There are two other more complex but potentially significant issues to think about if you’re considering bundling jQuery with your other scripts. (Thanks to Ilya Grigorik for mentioning these.)

First, combining multiple scripts together increases the likelihood of the resource needing to be updated. This is especially true with regard to bundling with jQuery since jQuery is likely to change less than your site-specific JavaScript.

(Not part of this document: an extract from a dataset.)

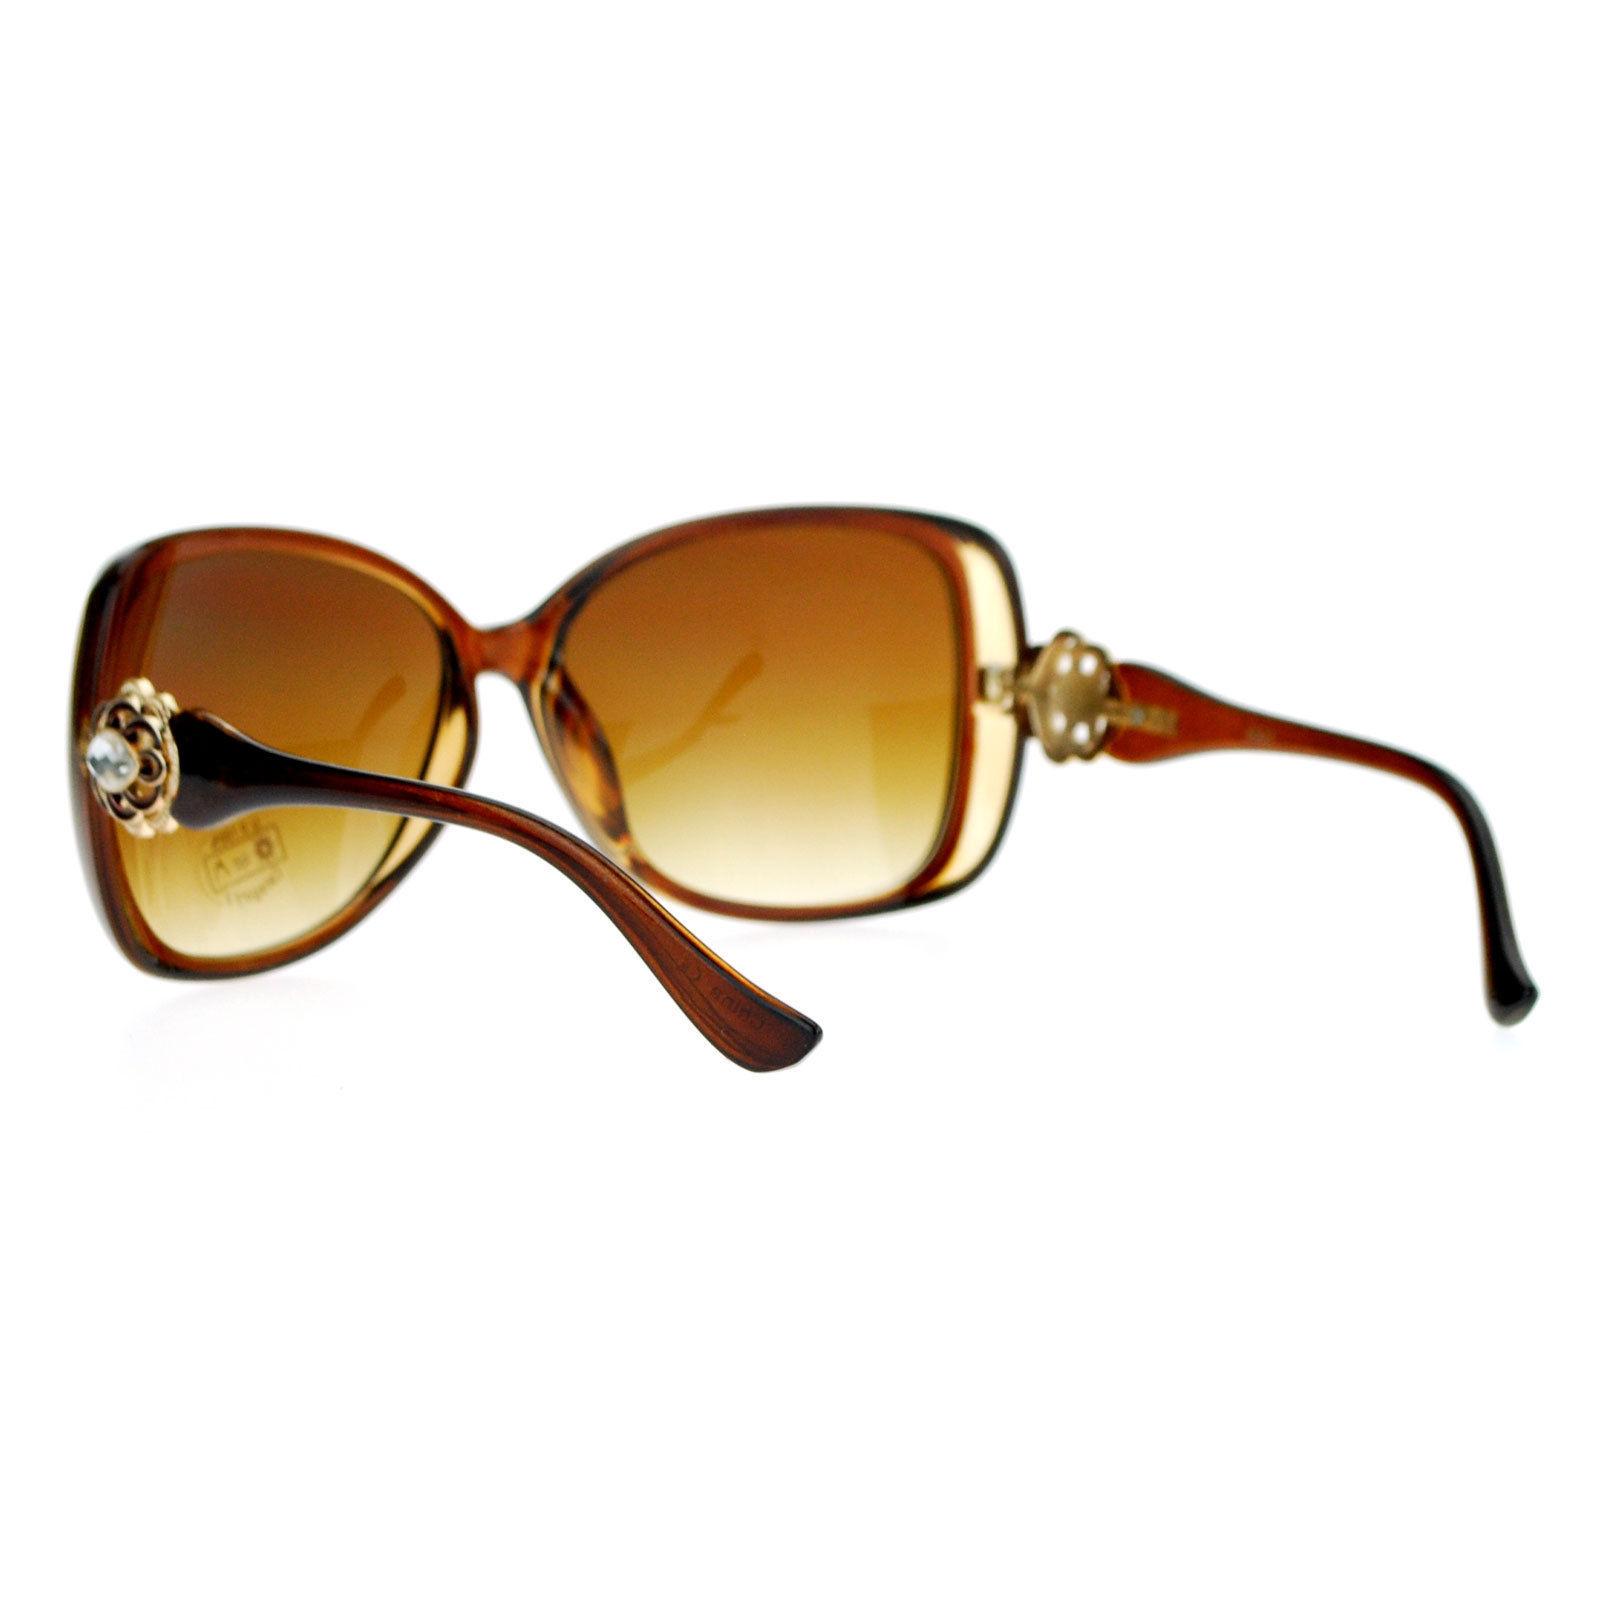 Vintage Jewel Design Sunglasses Womens Oversized Square Fashion Shades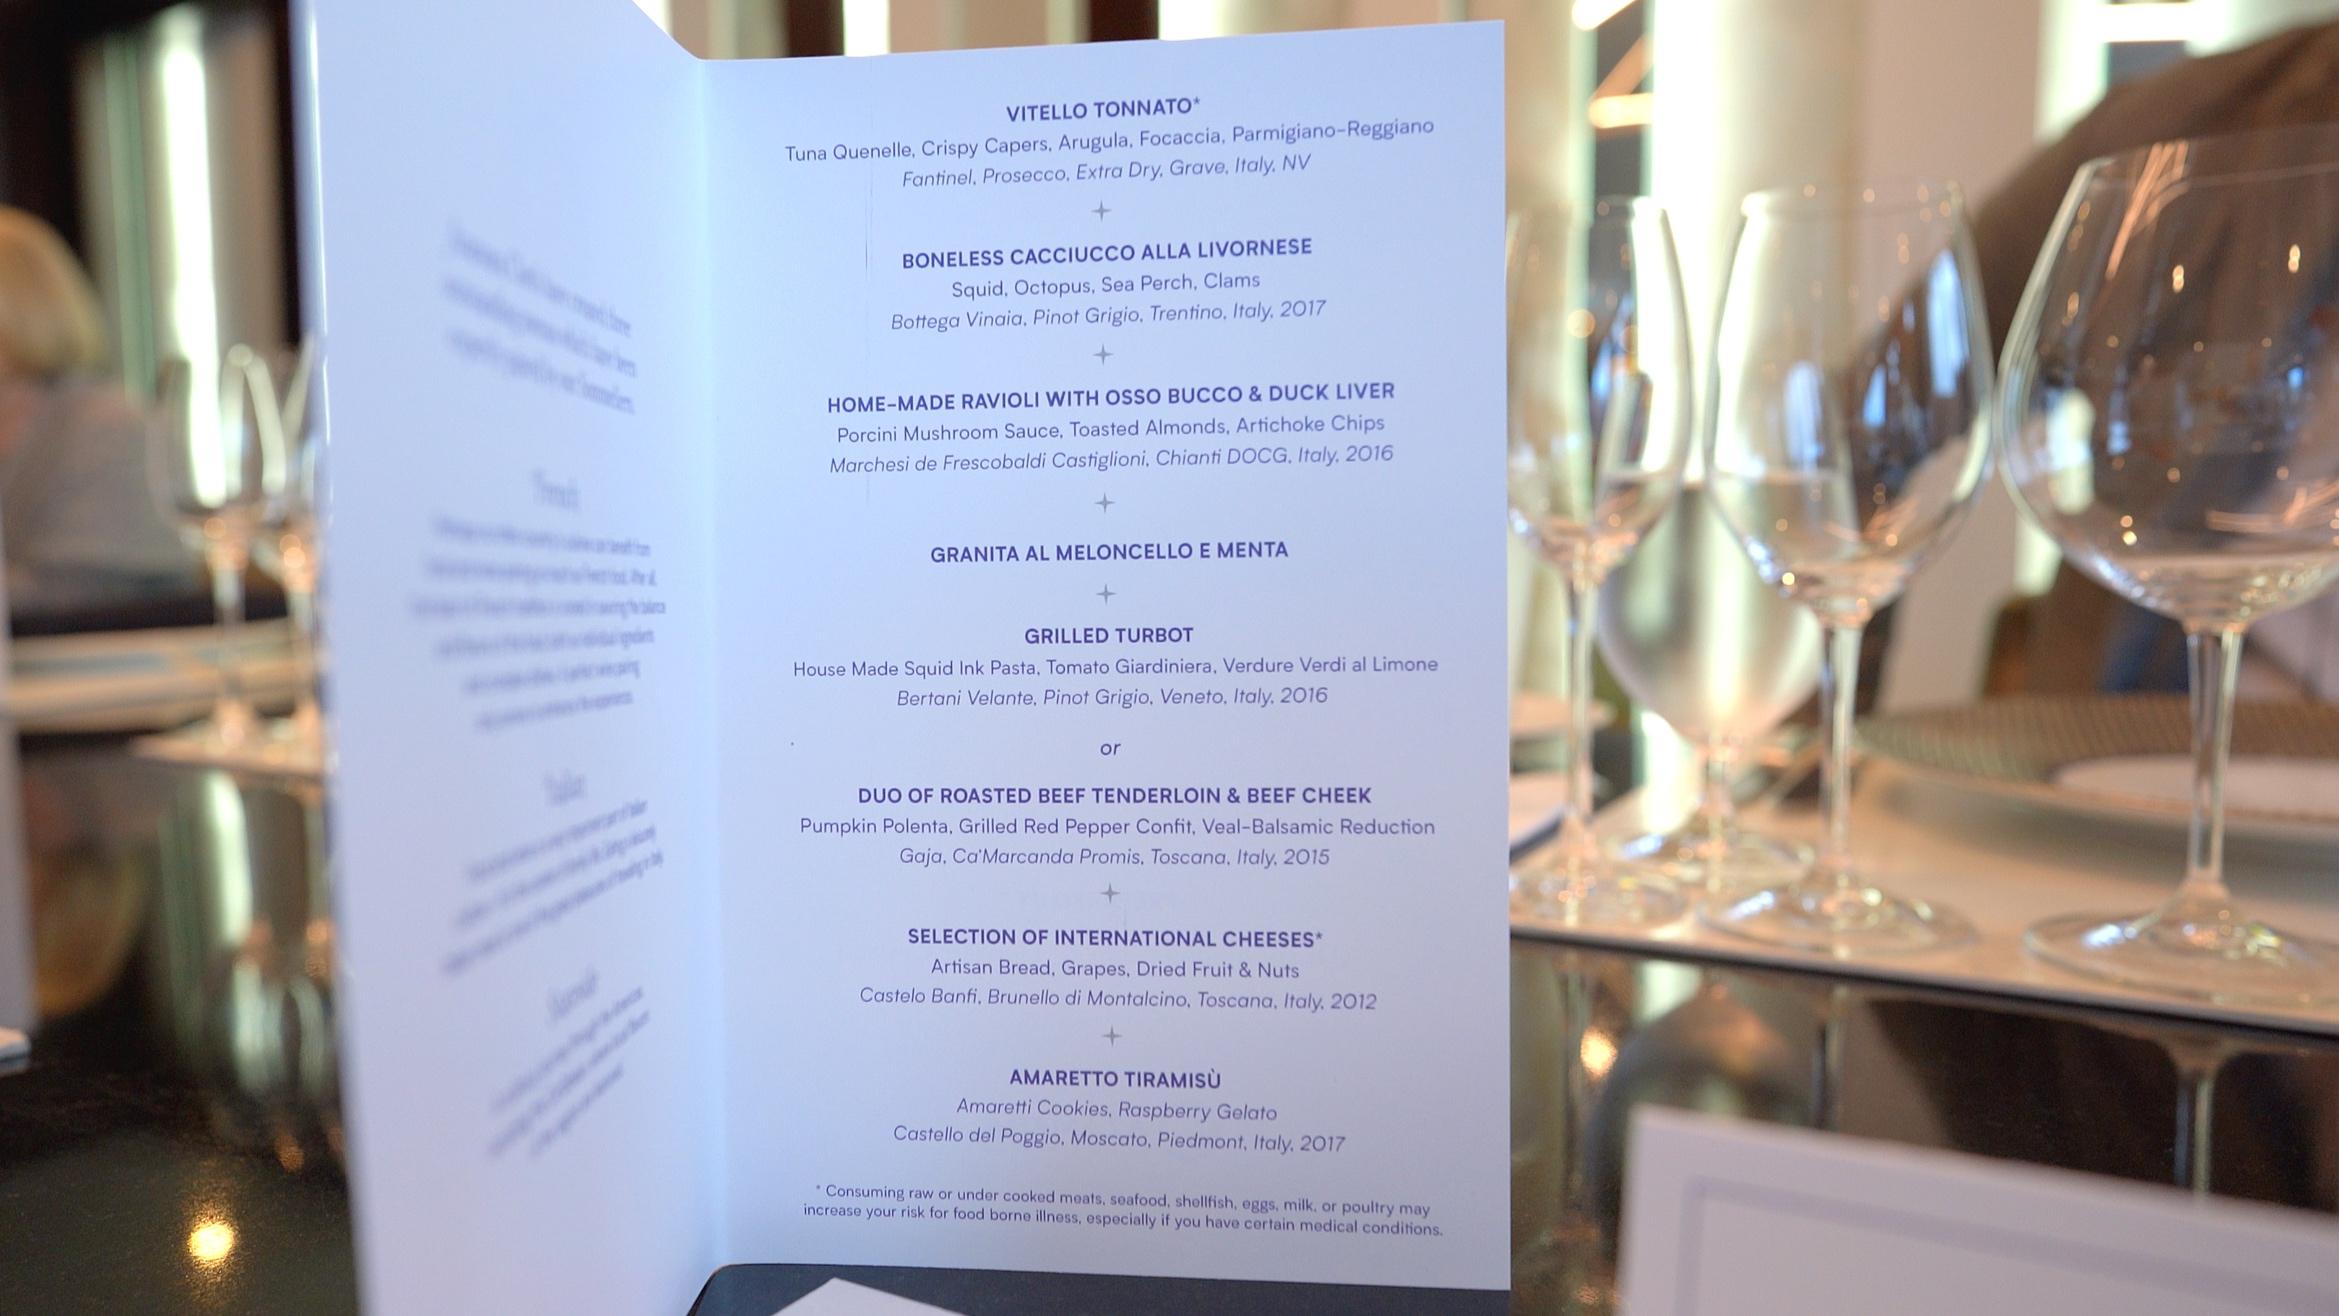 The Italian Chefs table menu

Second, unlike an HTML document, a script is not parsed incrementally. That’s why some folks, like Gmail, load their JavaScript in an iframe segmented into multiple inline script blocks thus allowing the JavaScript engine to parse and execute the initial blocks while the file is still being downloaded. Combining scripts into a single, large script might reach the point where delayed parsing would be offset by downloading two or more scripts. As far as I know this has not been investigated enough to determine how “large” the script must be to reach the point of negative returns.

If you’re loading core jQuery as a standalone request from your own server (which 38% of sites are doing), you’ll probably get an easy performance boost by switching to Google Hosted Libraries. If you’re considering creating a combined script that includes jQuery, the issues raised here may mean that’s not the optimal solution.

SteveW and I both agree: To make the best decision, website owners need to test the alternatives. Using a RUM solution like Google Analytics Site Speed, Soasta mPulse, Torbit Insight, or New Relic RUM will tell you the impact on your real users.